═════ Data for analysis

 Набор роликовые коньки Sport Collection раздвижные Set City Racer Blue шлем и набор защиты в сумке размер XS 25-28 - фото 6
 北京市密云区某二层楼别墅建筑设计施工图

══════════
═════ Data for analysis

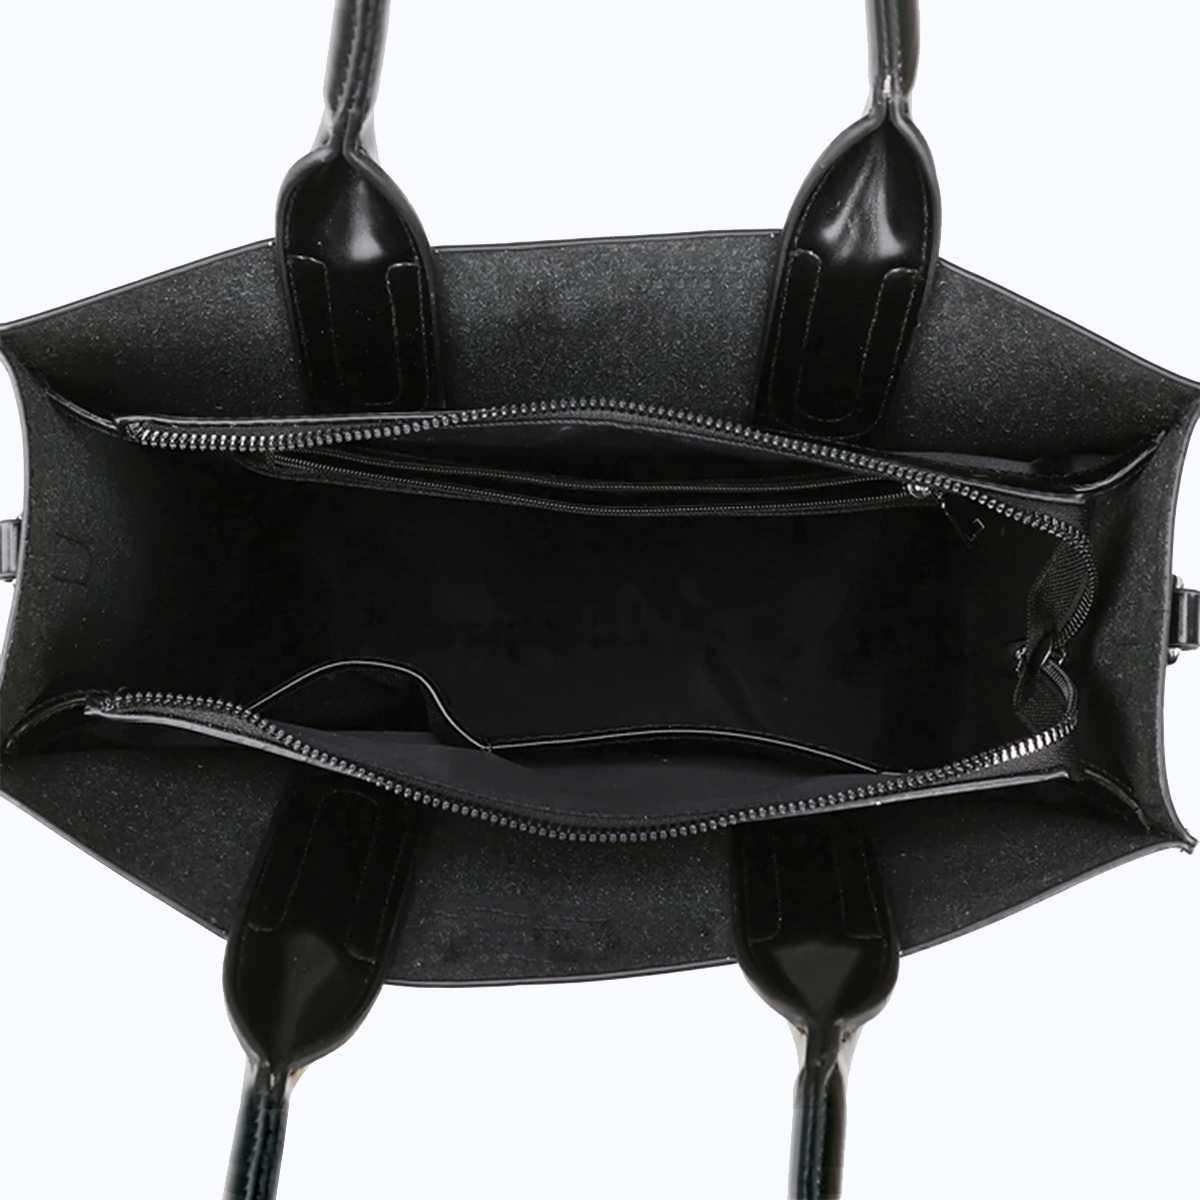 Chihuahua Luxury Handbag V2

══════════
═════ Data for analysis

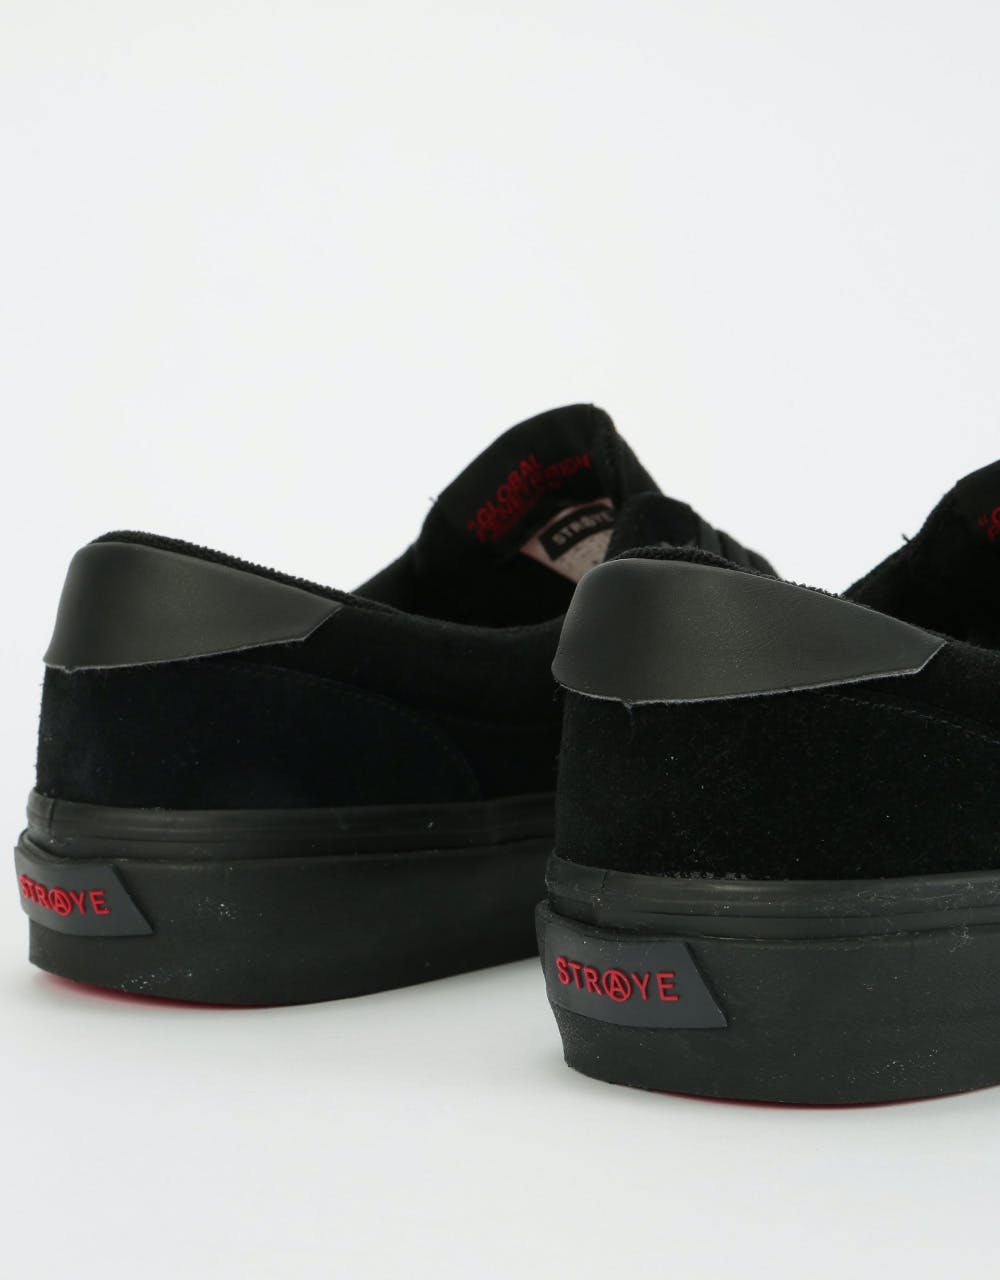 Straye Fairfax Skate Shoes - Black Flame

══════════

Starting with the line above that holds "Набор роликовые коньки" and stopping with the line that holds "北京市密云区某二层楼别墅建筑设计施工图", reproduce each line exactly, omitting all other lines.

 Набор роликовые коньки Sport Collection раздвижные Set City Racer Blue шлем и набор защиты в сумке размер XS 25-28 - фото 6
 北京市密云区某二层楼别墅建筑设计施工图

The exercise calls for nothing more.